Milley commended the graduates on their many academic achievements, and he read aloud several of their senior thesis titles on topics including quantum cascade lasers, thermal sensor fusion and crystalizing proteins in plants.

The class includes the first female U.S. Marine to be commissioned from Princeton’s ROTC program and the first woman from Princeton’s Naval ROTC program to be selected for the Submarine Officer program. The program also graduated its first two submarine officers and its first Navy officer to be selected for the Navy Special Warfare (SEAL) program since the Princeton Naval ROTC program was re-established.

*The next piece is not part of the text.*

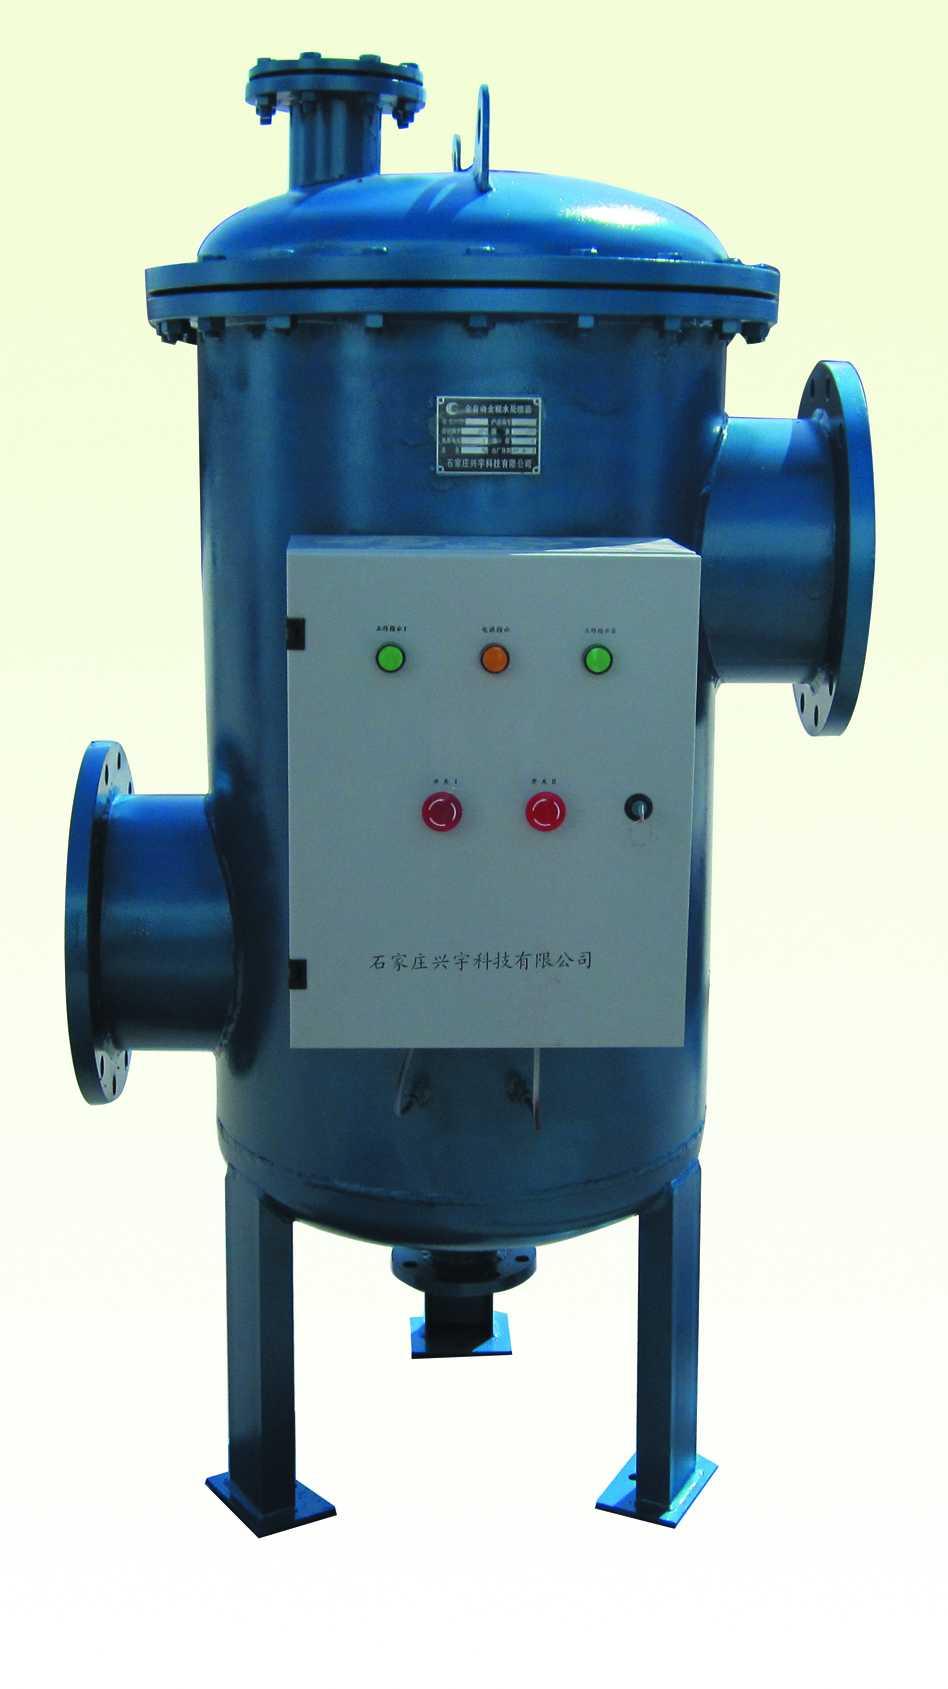 全程综合水处理器|综合水处理设备|石家庄水处理|水处理设备特点

Milley spoke to the new officers of a fundamental change happening in the character of war that is being driven by technology, particularly by AI and robotics. He said the United States must be the country that masters these technologies and their combined use in order to prevent global warfare.

“Your task is to make us, the military, better every day,” he said. “The challenge is there for you, each and every one of you. You’re more than up to the challenge. You’re brilliant group of people. … Even though your numbers are relatively small — 14 — there's little doubt in my mind that each of you are going to make a major contribution.”

After taking the oath of office, the newly commissioned officers received their ranking pins and performed the traditional Silver Dollar Salute.

Parents pin the bars on their son's shoulders

Brendan McManamon, who will join the U.S. Army as a second lieutenant, had his rank insignia pinned by his mother, Deborah, and father, retired Rear Adm. James McManamon.

Parents pin bars on their daughter's shoulders

Megan Ogawa, who will join the U.S. Navy as an ensign and is the first female submarine officer from Princeton’s Navy ROTC, was pinned by her father, retired Lt. Cmdr. James Ogawa, accompanied by several other family members.

The ceremony was attended by families and friends, University administrators and military representatives, including Erica Jeffries Purdo, civilian aide to the Secretary of the Army for New Jersey, and Robert Maguire, an emeritus civilian aide.

The afternoon was especially meaningful for the graduates’ parents, who pinned ranks onto their children’s uniforms. Five of the officers were pinned by members of their family who are in the military. Abigail McRea, whose grandfather was among the first British troops to arrive at Sword Beach on D-Day in 1944, was pinned by family members including her father, retired Royal Air Force Cpl. Steve McRea. Enjolique Hughes was pinned by her mother, Staff Sgt. Michelle Hughes, and Brendan McManamon was pinned by family including his father, retired Rear Adm. James McManamon.

  • New ROTC cadet hugging family members

    Elias Mosby, who will join the U.S. Army as a second lieutenant, shares an extra-long embrace with his mother, Laura, while his father, James (left), and brother, 2nd Lt. Samuel Mosby look on.

  • ROTC cadet receiving pins from family members

    Bradley Rindos receives his rank insignia as a second lieutenant in the U.S. Air Force from his family members, Linda, Michael and Jessica Rindos.

  • New ROTC cadets cutting cake

    The graduates celebrated after their commissioning with a reception at Mathey College.

  • ROTC event 2023

    Chairman of the Joint Chiefs of Staff Gen. Mark Milley (front, center left) joins the graduates for a portrait outside Nassau Hall.

  • New ROTC cadets

    Current and former members of the military who attended the commissioning shared in the moment.